PS I wasted my money to be able to tell you not to. That’s what we do.
TROPICAL REIGN
It’s raining hard in Singapore as we sit in the plane, waiting to take off for the next flight, to New Delhi. Rain in the tropics is a deluge from a bright, beige sky. This is a green city for a reason.
SOUL FULL
On the flight from Singapore to Delhi, a bare foot is stuck through the gap between mine and the next seat, and rested on the seat arm next to me.
A child behind, is sitting on a parent’s lap for the five hour, 15 minute flight, mostly kicking the back of my seat. (Travel has its challenges.) I don’t usually recline my seat, but I do today, and stuff pillows behind me to dull the blows.

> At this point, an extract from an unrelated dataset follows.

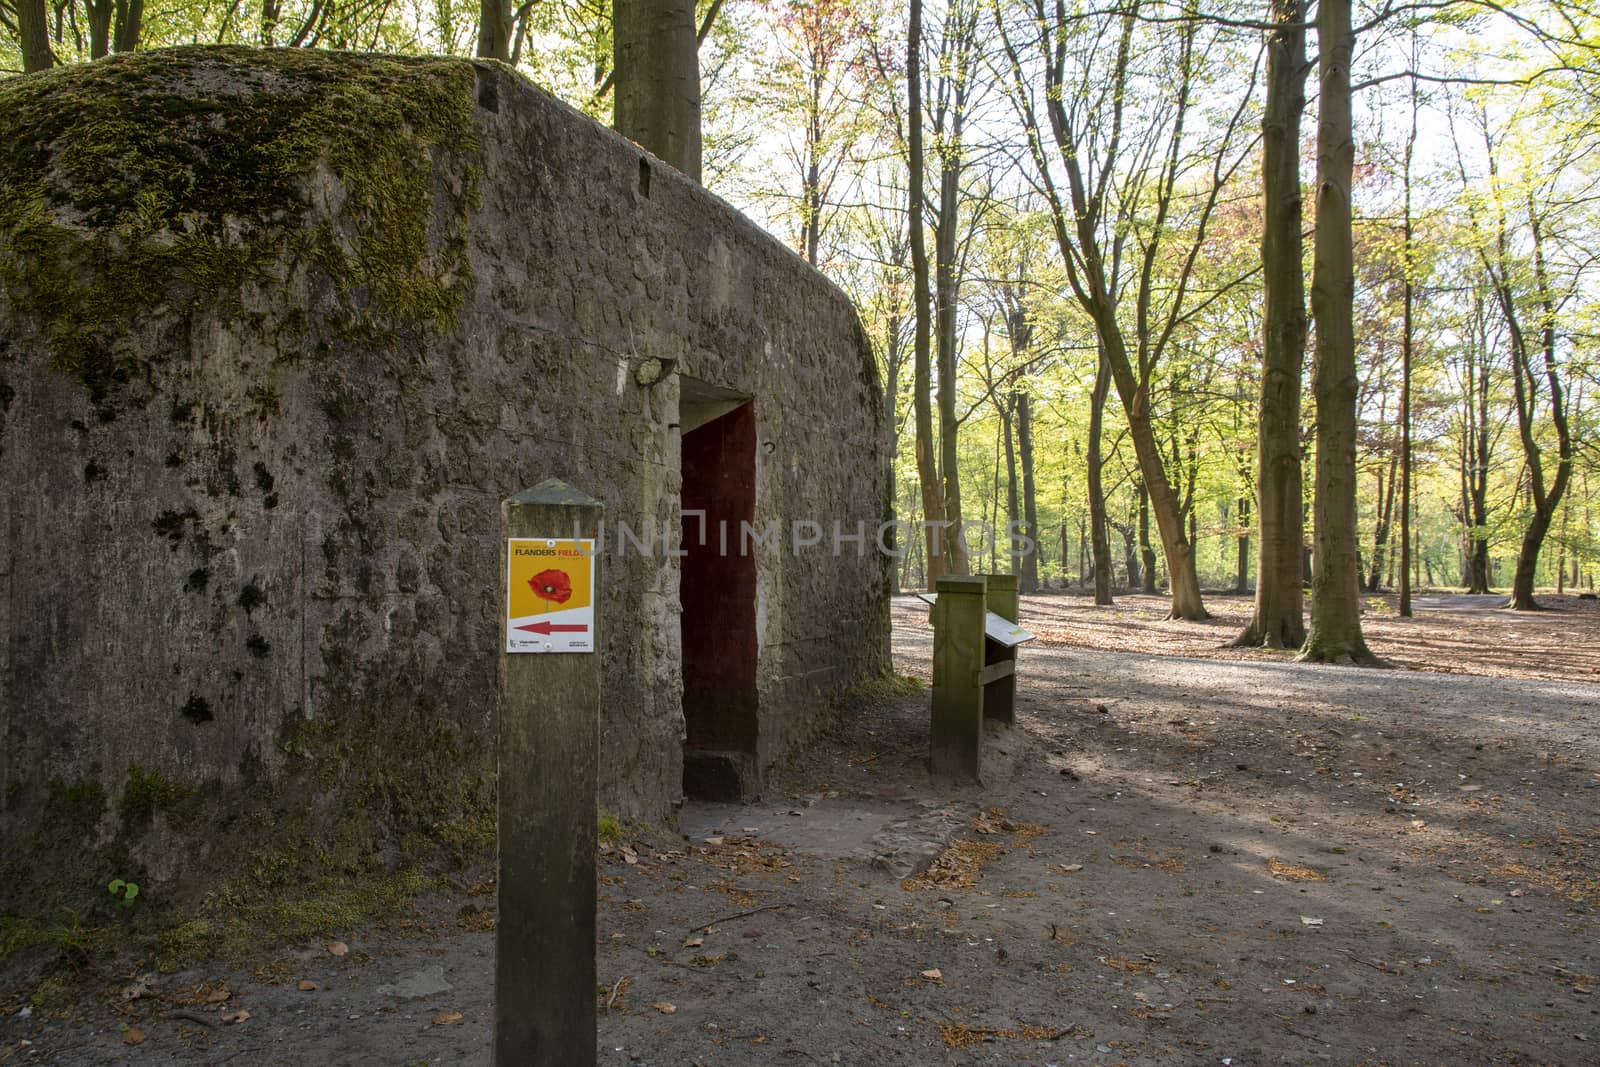 Kapellen, Belgium, April 2020: WW1 bunker located in Mastenbos on the historical Flanders Fields site
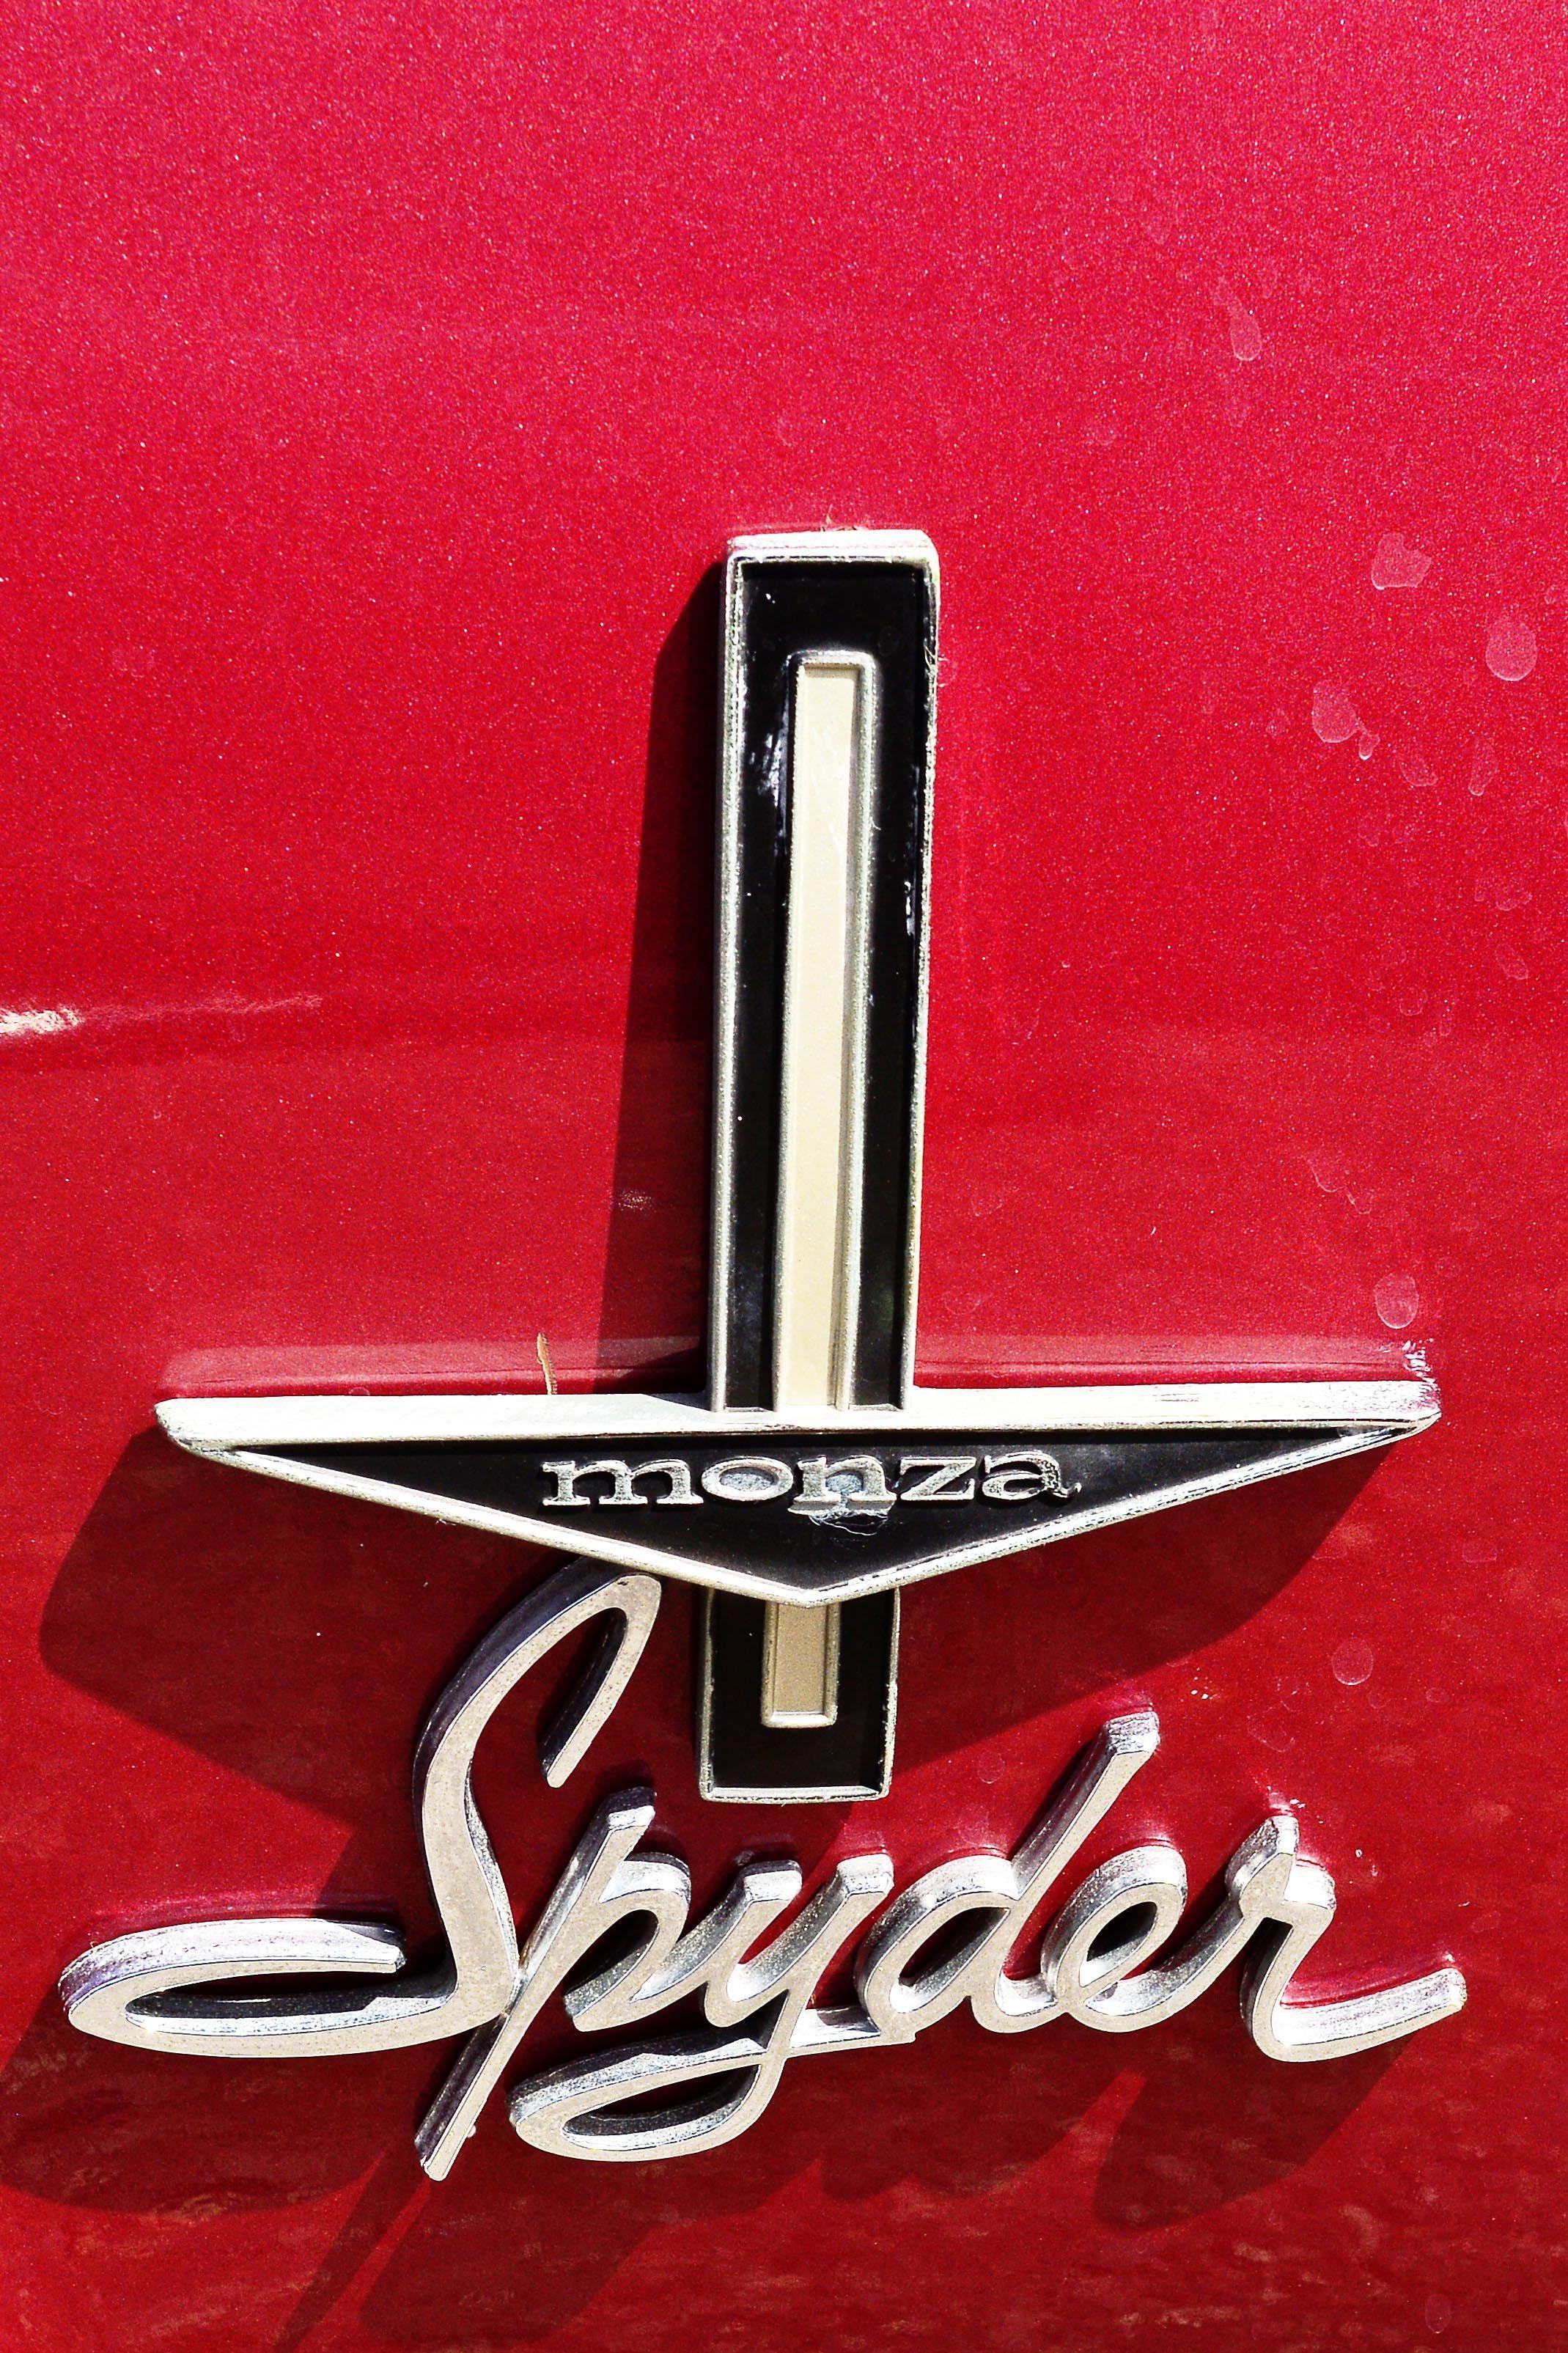 Corvair Logo - Corvair Monza Spyder fender badge at Automobile Drive Museum, El

I did have two empty seats next to me. I thought I’d won, for once. Now I have a woman sleeping with her head in my lap, her feet out in the walkway. (Sharing is caring.)
EASY ENTERTAINMENT
Singapore Airlines’ entertainment system is not only easy to navigate and with a curated feel (many airlines’ systems feel almost pumped too full), but when I clean the screen I realise it has already been thoroughly cleansed after the last flight. My choices today include Bend it Like Beckham (probably prompted by the Netflix Beckham documentary). It gives a bit of insight into Indian culture, and even a wedding, in Hounslow, near Heathrow Airport (with women’s soccer and Keira Knightley thrown in). It is a good re-watch, especially as I spent a year at school in Hounslow as a child. Oh, and it has a happy ending.
DROWNED OUT
… but it’s a little difficult to hear any movie, as the woman behind me has been chanting to a grandchild at the top of her voice for the last hour. The same two bars, over and over and over (get me off this plane).
ARRIVING IN DELHI
I last arrived in Delhi in 2018 — and today, Indira Gandhi International Airport’s T3 still feels calm and well organised (it opened in July 2010). This city went through some version of hell during the pandemic. I lost friends. But I’m glad to be back.
OTHERS ARRIVING
I am with Narendra Singh Rathore Bawadi, the experienced guide on our Travel Club Tour of Delhi, Agra, Jaipur and Udaipur. We leave at 4.30am in hazy light, to go to the airport to meet the group arriving on another flight, drink coffee from the little stall, and stand in the crowd to welcome them. Then we’re off to the Taj Palace New Delhi hotel.
INDIA REVELATIONS
I see a rail carriage marked for “Differently Abled Persons”.
There is a constitutional right to use the washroom of any hotel in India, whether you are staying there or not.
A Hindu house traditionally has its door facing east, as dawn kills the darkness.